A Prefeitura Municipal de Fortaleza (PMF) ressalta que é de conhecimento público a situação financeira na qual recebeu, em 2025, a Secretaria Municipal da Saúde (SMS). A atual gestão preza pela transparência e pela participação social na gestão das contas públicas, por esse motivo, apresentou ao Conselho Municipal de Saúde de Fortaleza (CMSF) o Relatório Anual de Gestão (RAG) referente ao ano de 2024, bem como as Despesas de Exercícios Anteriores (DEA).
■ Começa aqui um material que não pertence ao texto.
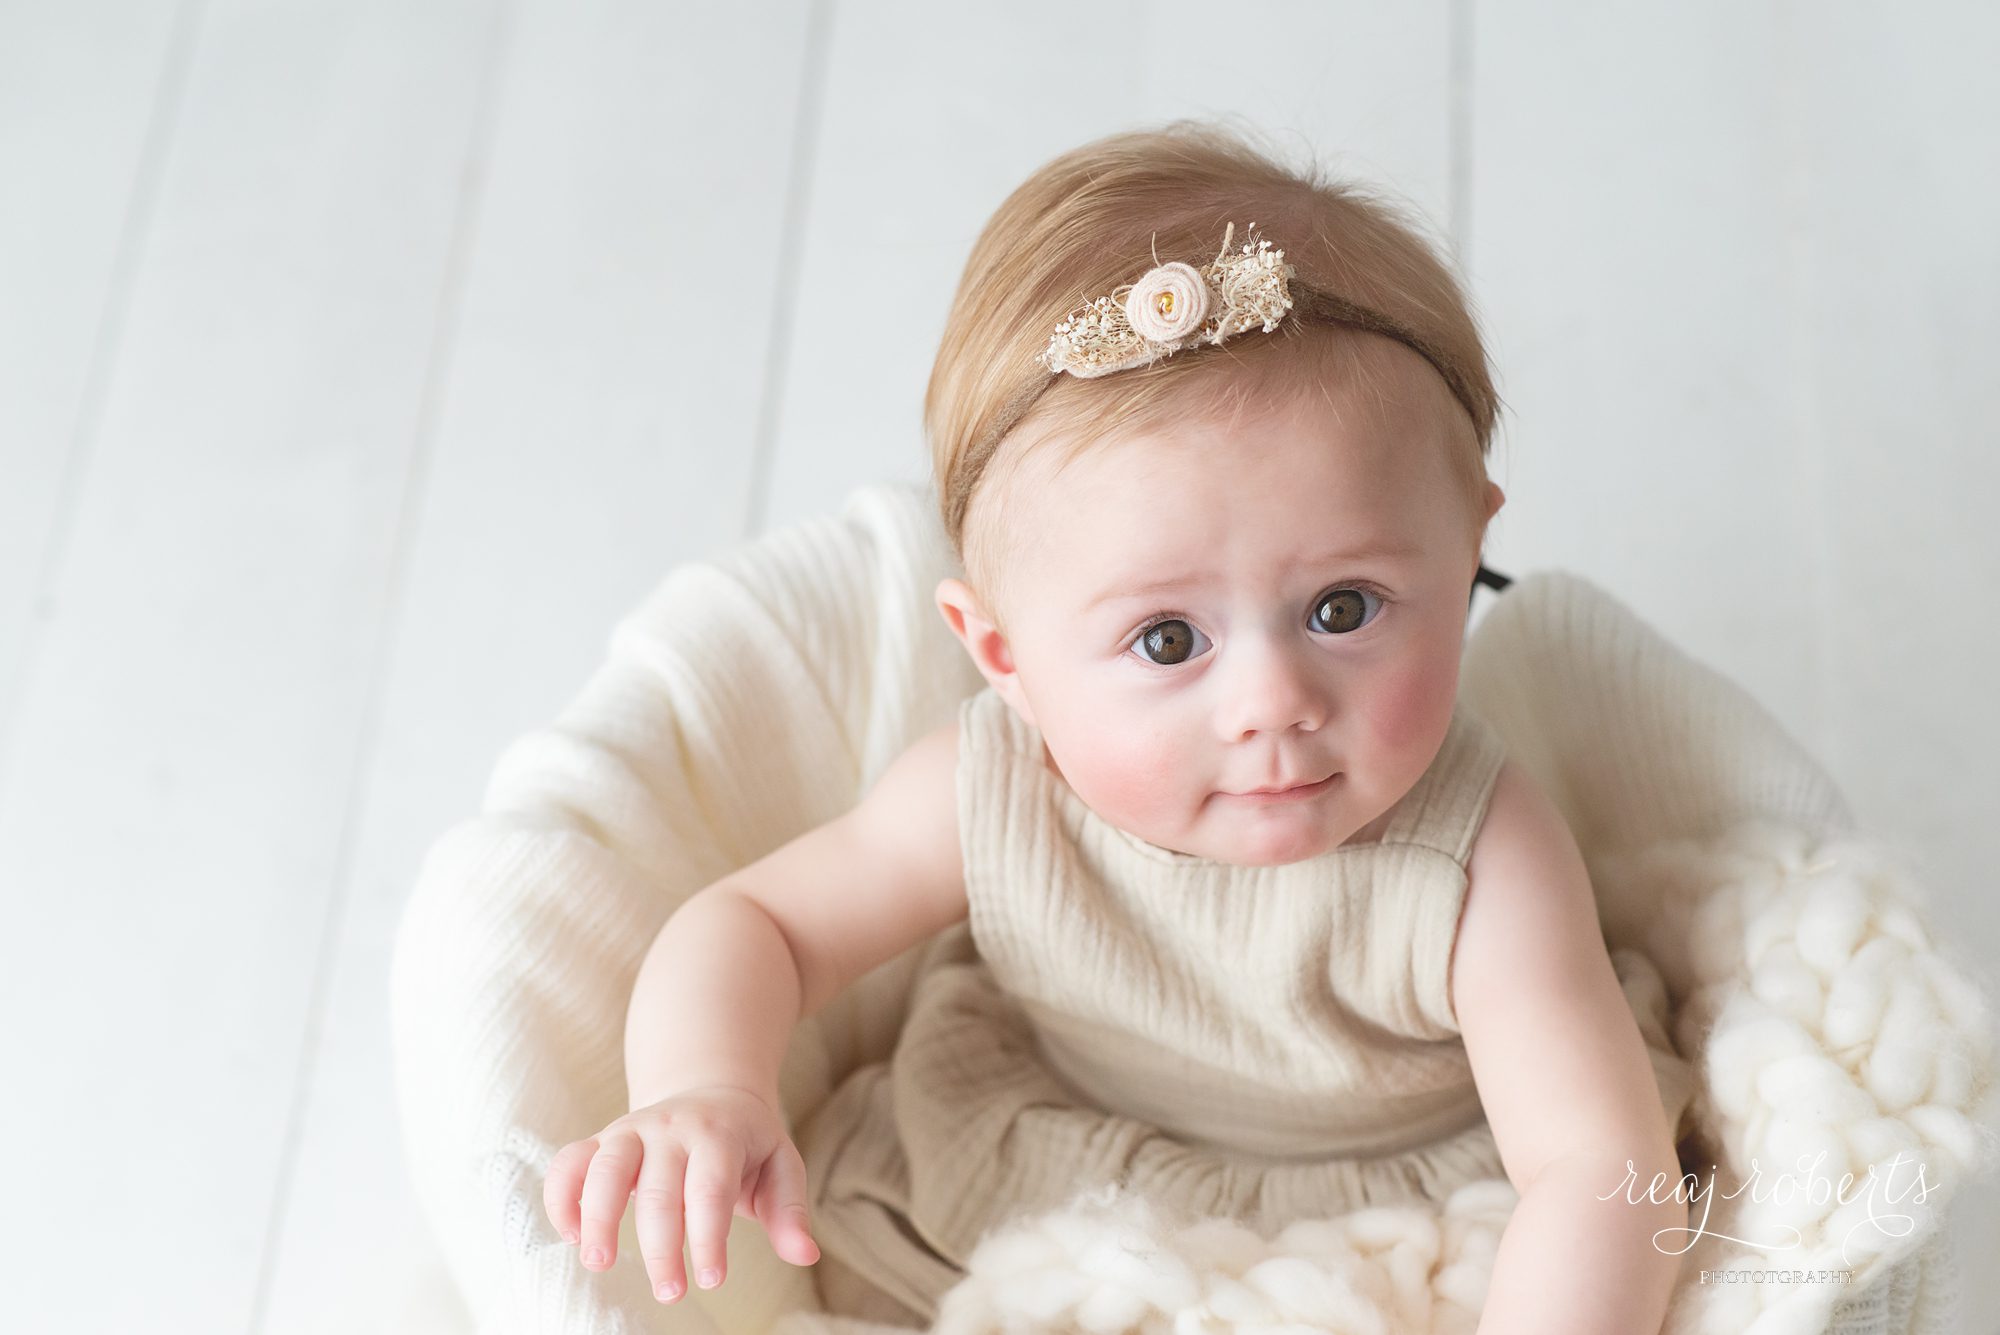 6 month baby picture ideas girl neutral colors | Reaj Roberts Photography

O objetivo do poder público é cumprir rigorosamente as normas legais que regem a execução orçamentária, enquanto trabalha para fortalecer e reestruturar a rede pública de saúde.
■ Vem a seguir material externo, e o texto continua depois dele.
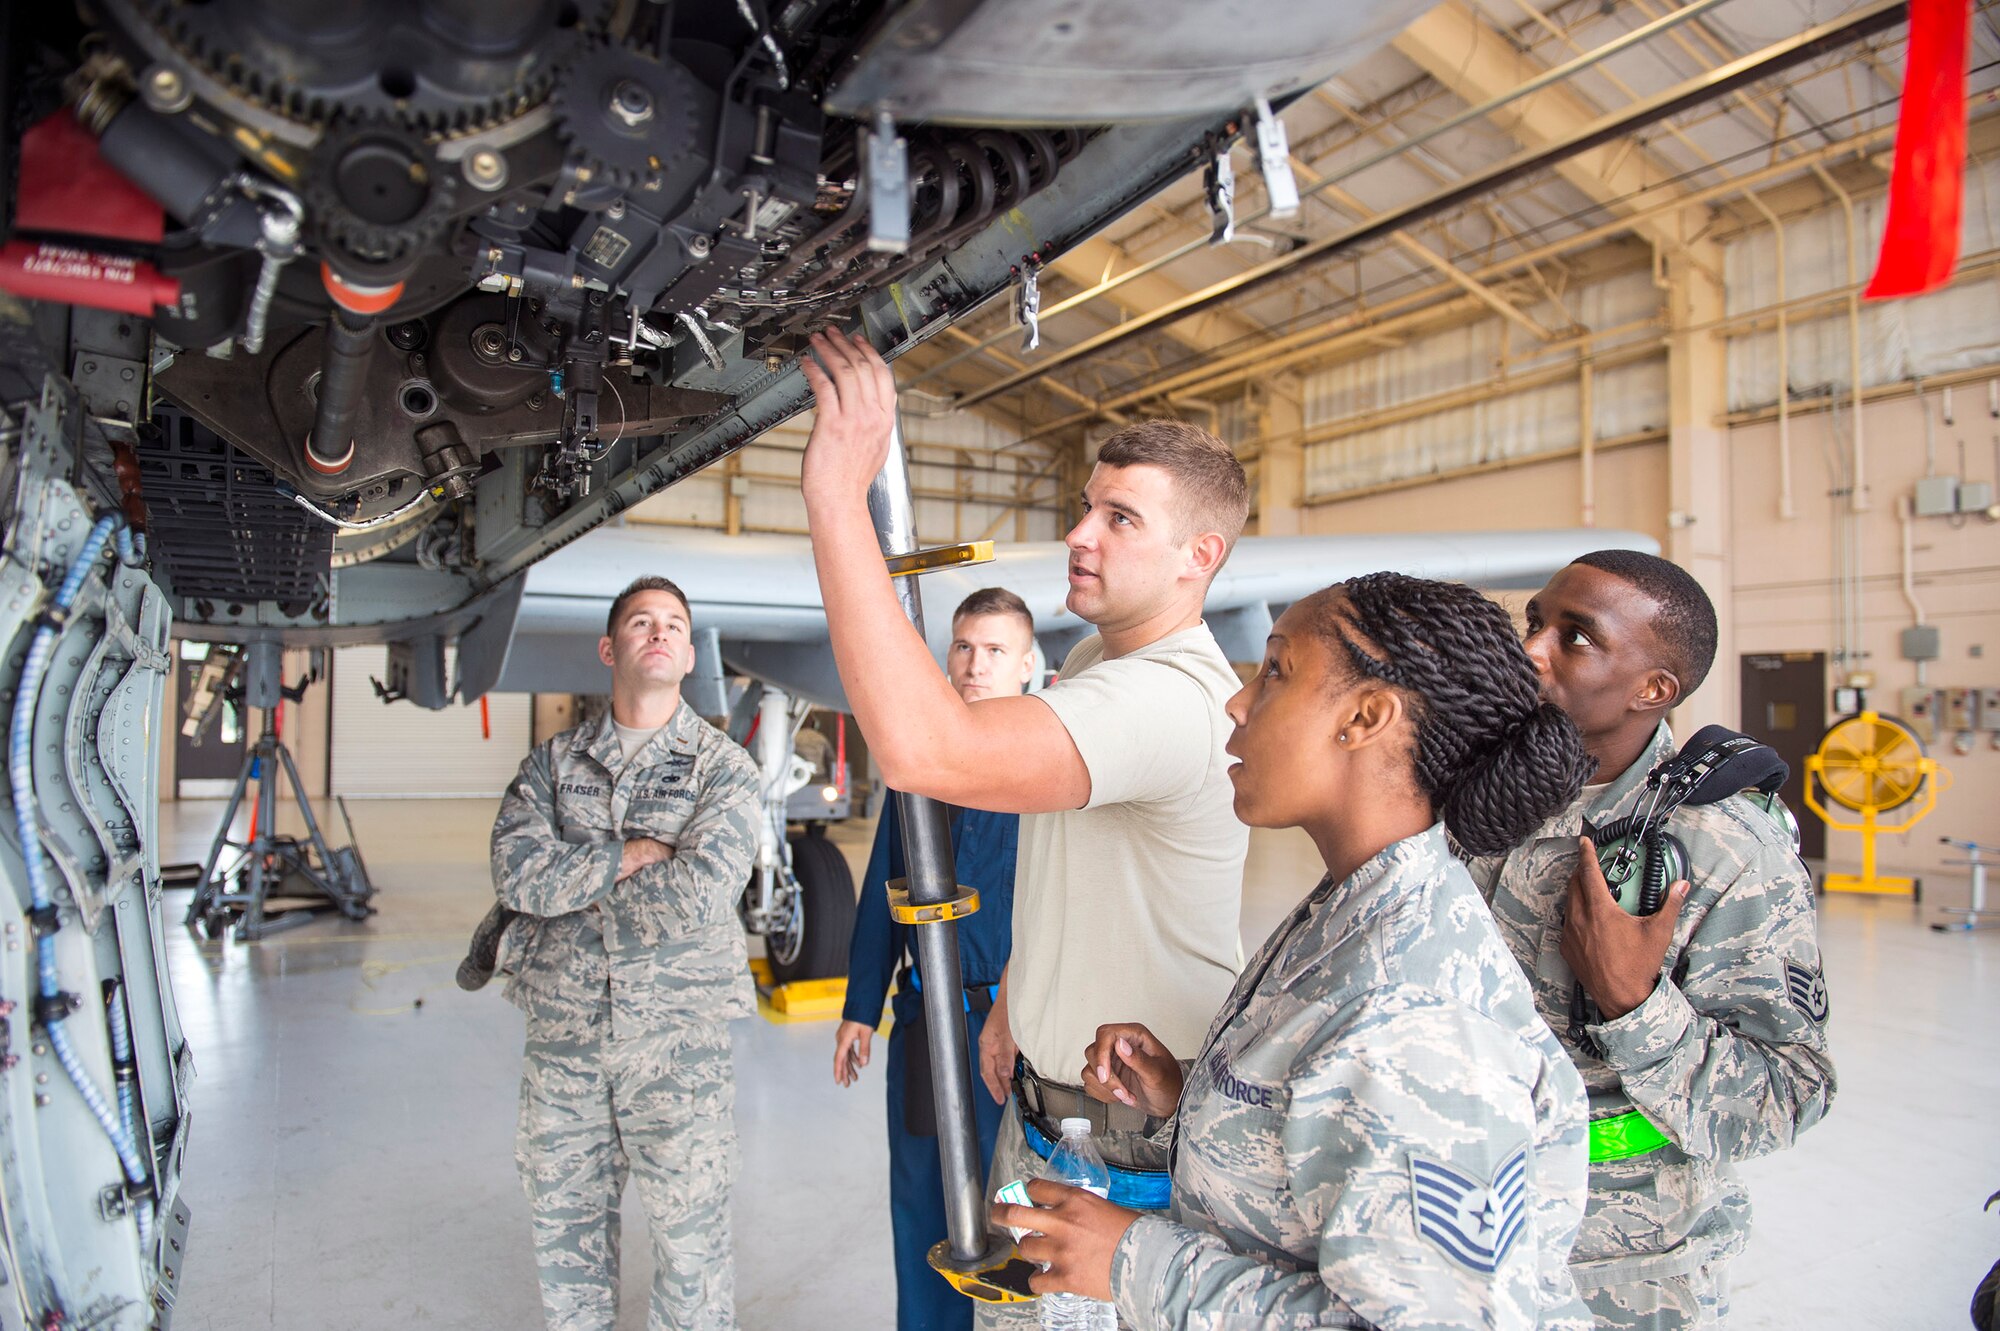 U.S. Air Force Senior Airman Joshua Abbott, 74th Aircraft Maintenance Unit aircraft armament systems technician, explains to Tech. Sgt. Netasha Hutto-Harris, 23d Medical Support Squadron NCO in charge of medical evaluation boards, the weaponry aspects of an A-10C Thunderbolt II, Oct. 6, 2016, at Moody Air Force Base, Ga. Hutto-Harris says she appreciated the chance to glimpse into the life of a maintainer. (U.S. Air Force photo by Airman 1st Class Greg Nash)

Estima-se que o valor do déficit orçamentário declarado pela gestão anterior ultrapasse R$ 400 milhões, sendo a maior parte das dívidas relativa a prestadores de serviços e Organizações Sociais (OS). Essas dívidas, deixadas em 2024, impactaram diretamente a prestação dos serviços de saúde, a exemplo da ausência de pagamentos e de contratos e convênios  para o fornecimento de medicamentos em 2025, prejudicando a população da Capital. Entre janeiro e maio de 2025, a SMS quitou mais de R$ 156 milhões em dívidas deixadas pela gestão anterior.
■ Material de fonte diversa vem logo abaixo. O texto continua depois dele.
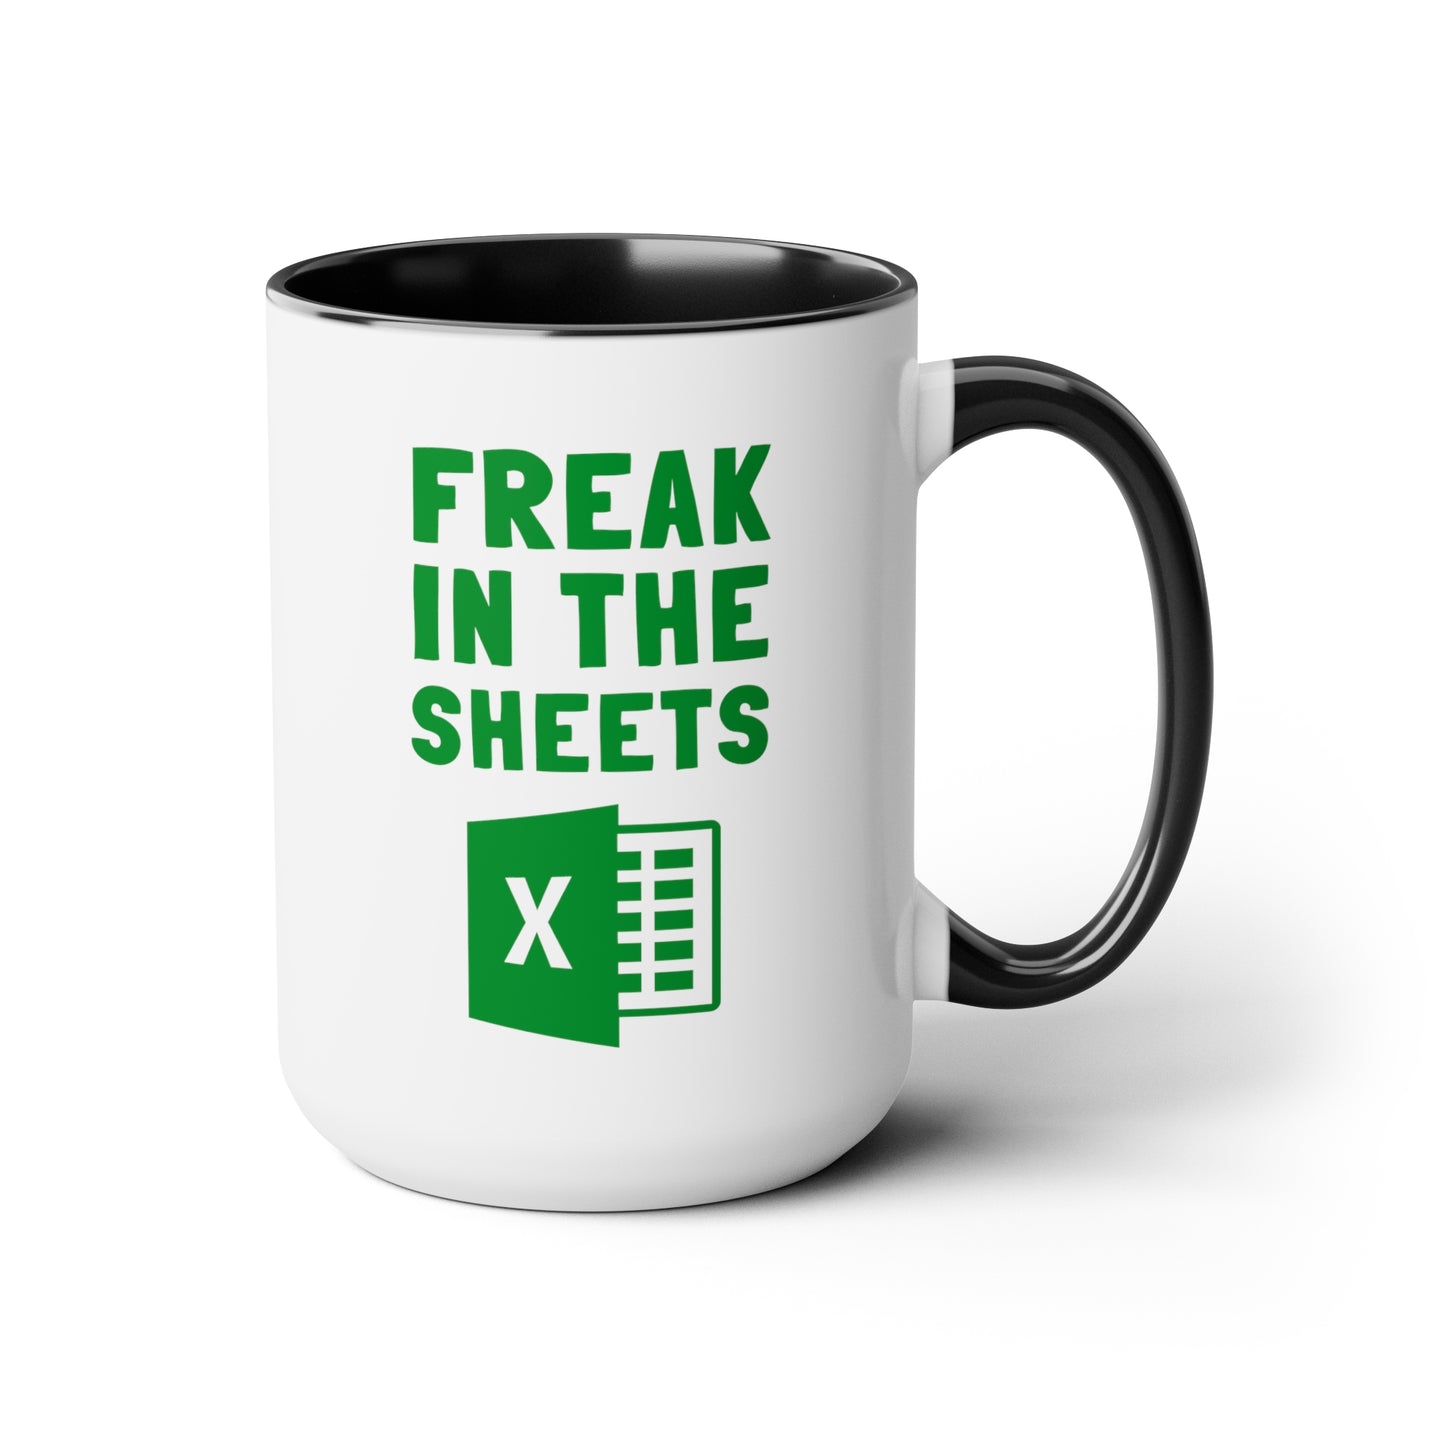 Freak In The Sheets 15oz white with black accent funny large coffee mug gift for accountant excel spreadsheet tax office humor waveywares wavey wares wavywares wavy wares

Enquanto honra seus compromissos financeiros, quitando os valores contratualizados para a prestação  de serviços, a atual gestão adota medidas administrativas e institucionais, para mitigar os impactos financeiros das dívidas dos anos anteriores, respeitando o princípio da universalidade do Sistema Único de Saúde (SUS), que assegura o atendimento a toda a população.

Além de trabalhar para reestabelecer o equilíbrio financeiro da pasta, somente nos cinco primeiros meses deste ano, a SMS: ampliou os investimentos na rede hospitalar, como no Hospital Doutor José Frota (IJF), que ganhou novos leitos e mais capacidade de realização de exames; iniciou a reforma do Hospital Nossa Senhora da Conceição, que estava quase completamente sem funcionar; e entregou 4 postos de saúde totalmente reformados, além de novas ambulâncias para renovação de frota.

Nota de José Sarto

O prefeito José Sarto e sua equipe negam qualquer tipo de irregularidade na gerência da saúde de Fortaleza e garantem que todos os processos que deveriam passar pelo Conselho foram encaminhados ao órgão.

No momento oportuno iremos realizar toda a prestação de contas junto ao Conselho.